→ **Prompt**: Every line below should come back exactly as written, though the pictures stay out.

→ **Source data**:
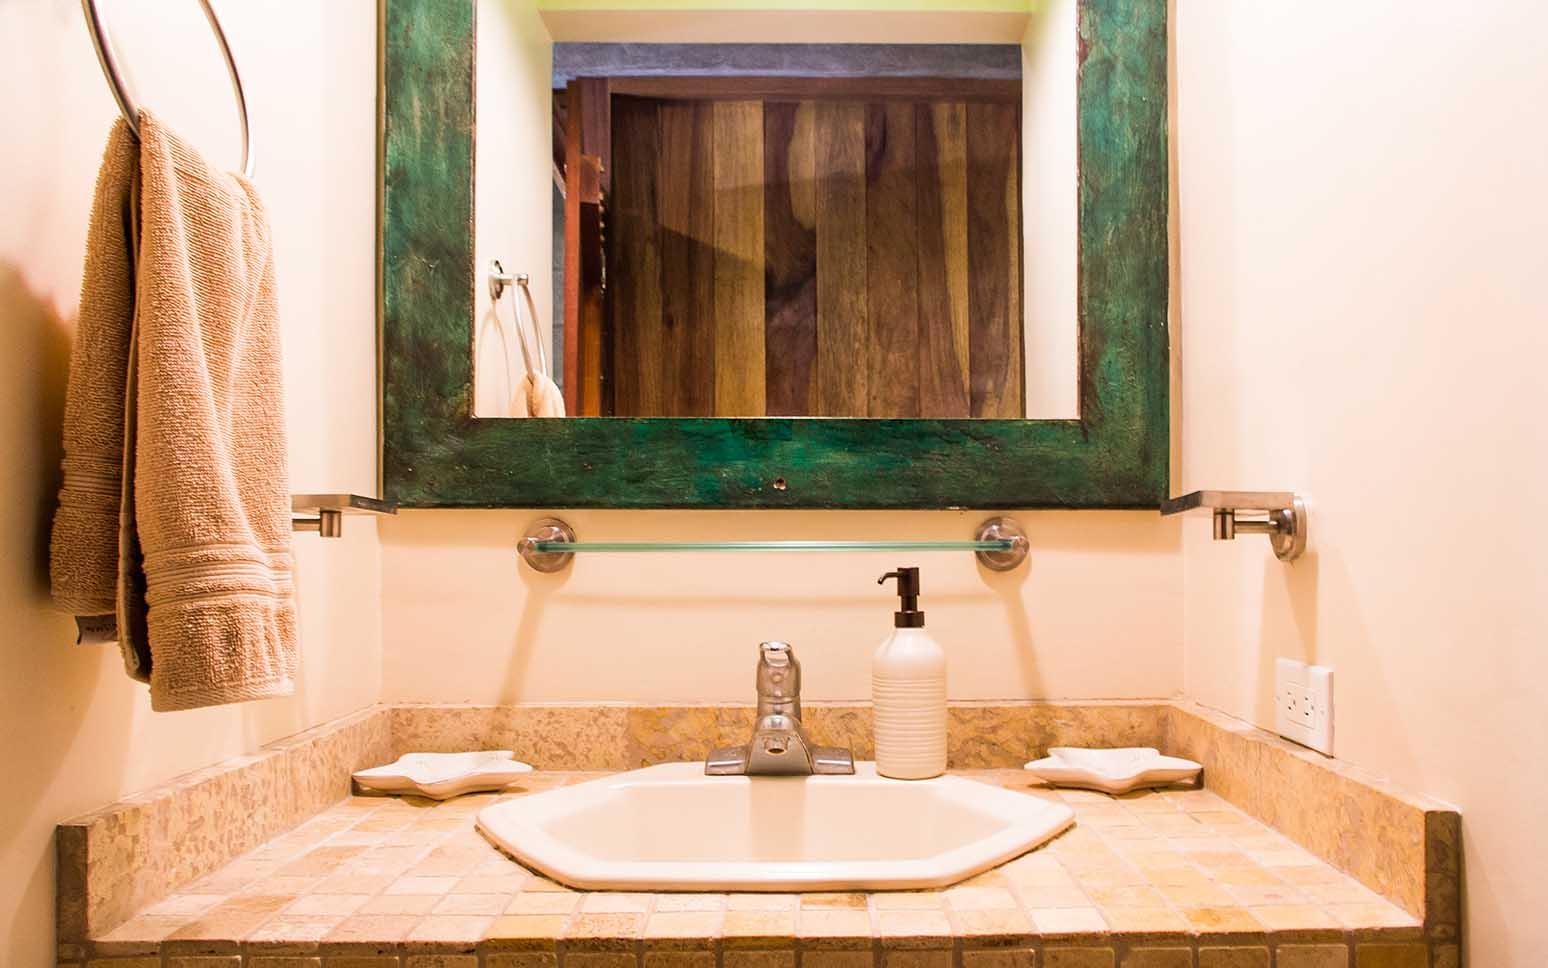 Casa Grande bathroom
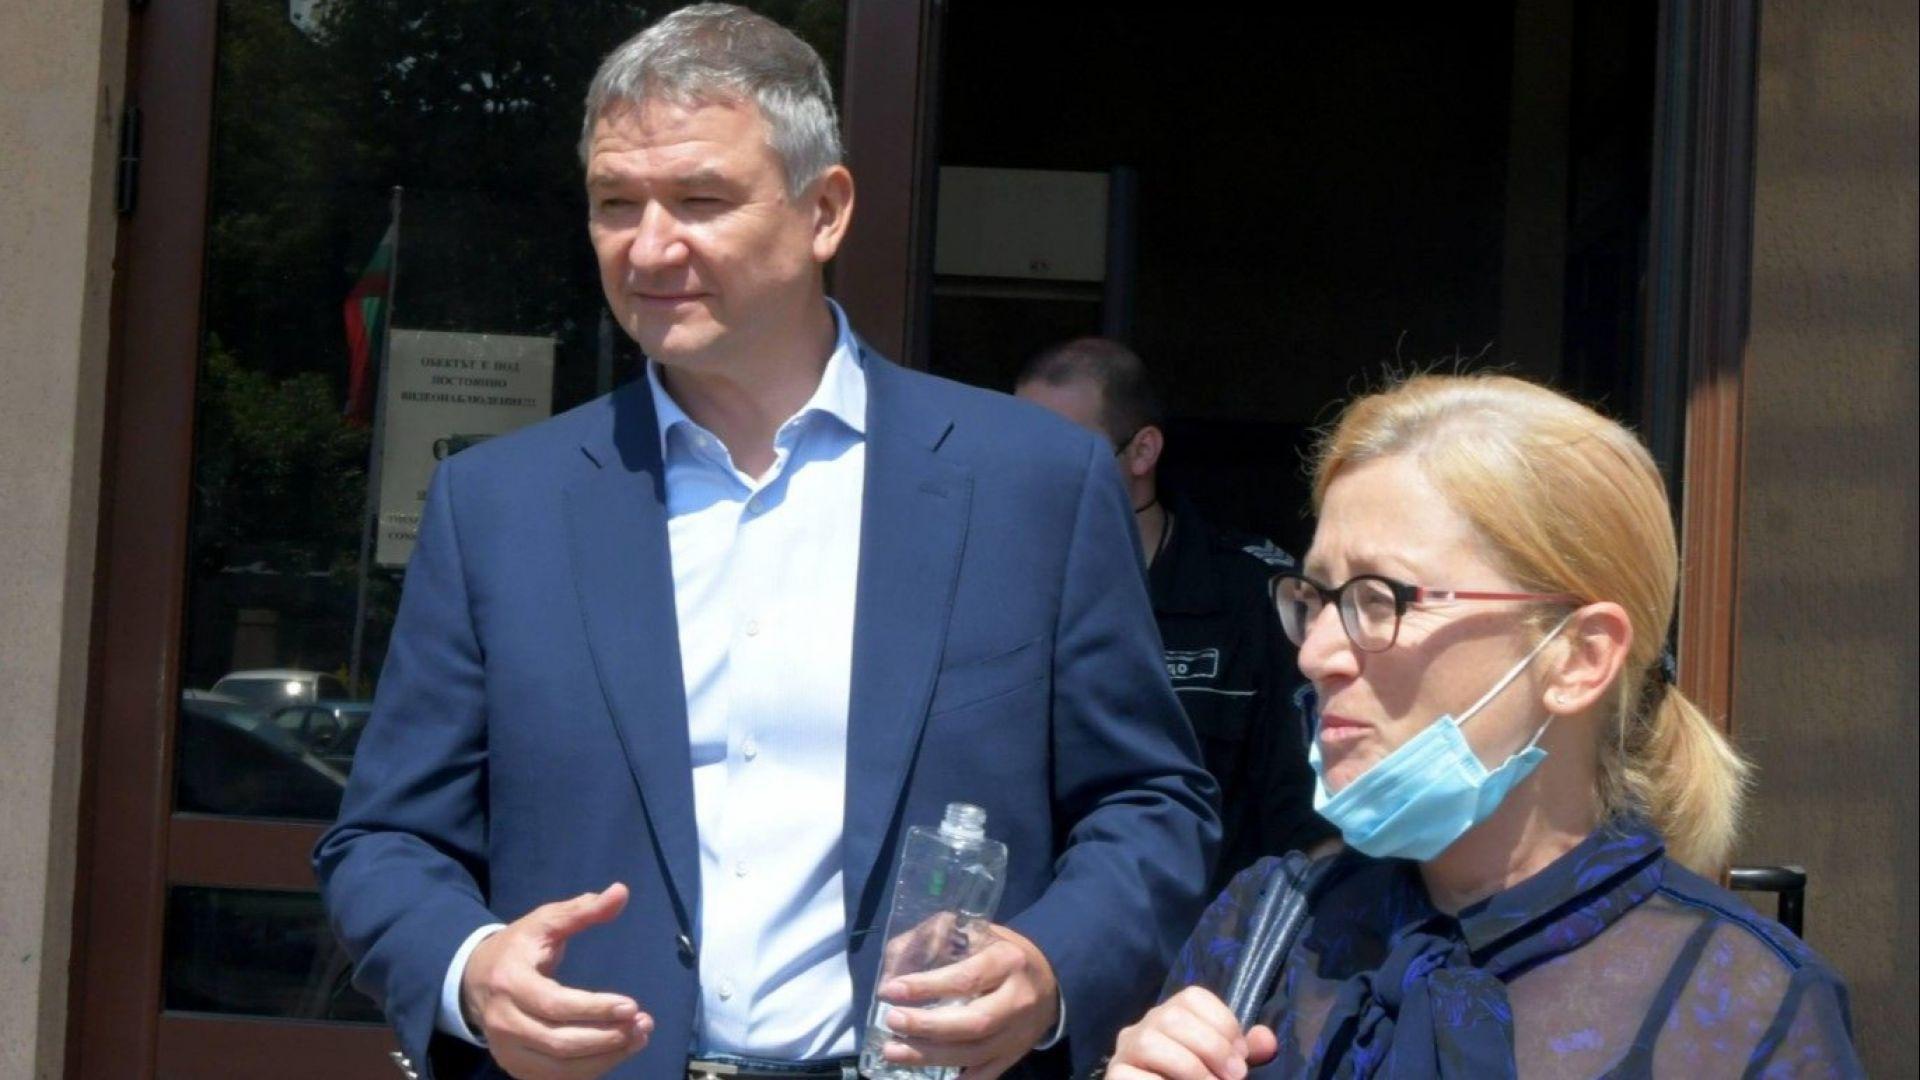 Пламен Бобоков след разпит: Благодаря на г-н Борисов, че каза, че съм почтен човек
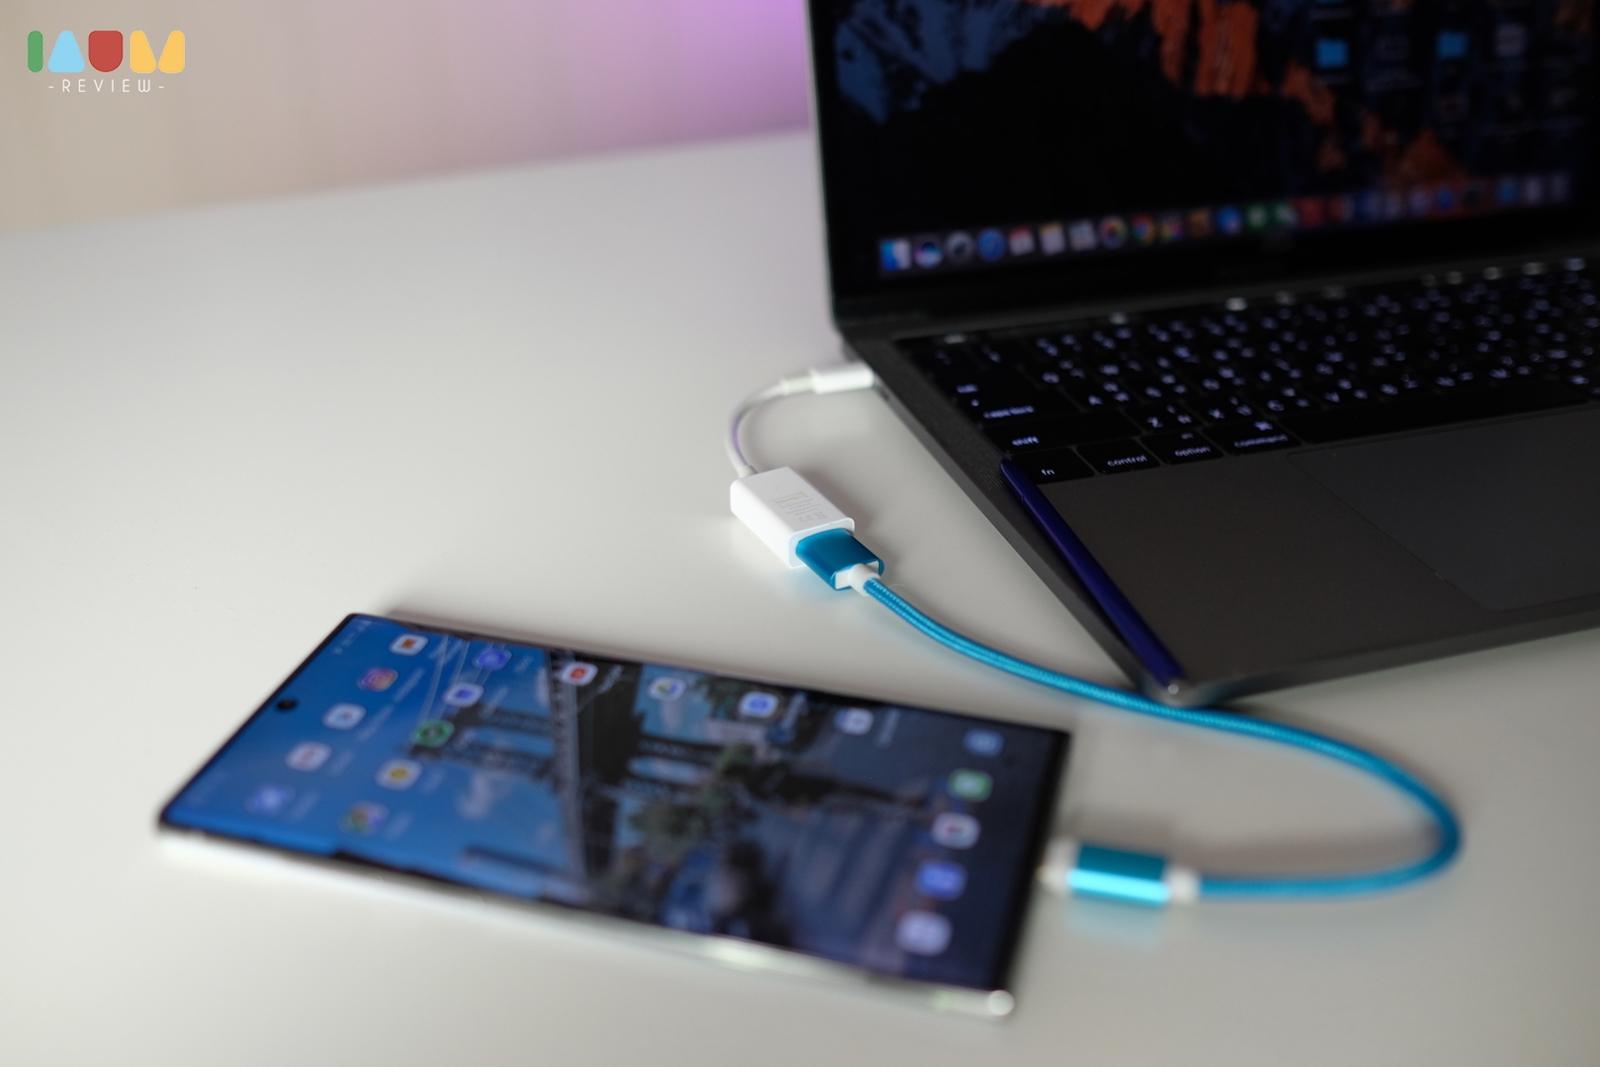 Galaxy Note10+ Dex

→ **Output below**:
 Casa Grande bathroom
 Пламен Бобоков след разпит: Благодаря на г-н Борисов, че каза, че съм почтен човек
 Galaxy Note10+ Dex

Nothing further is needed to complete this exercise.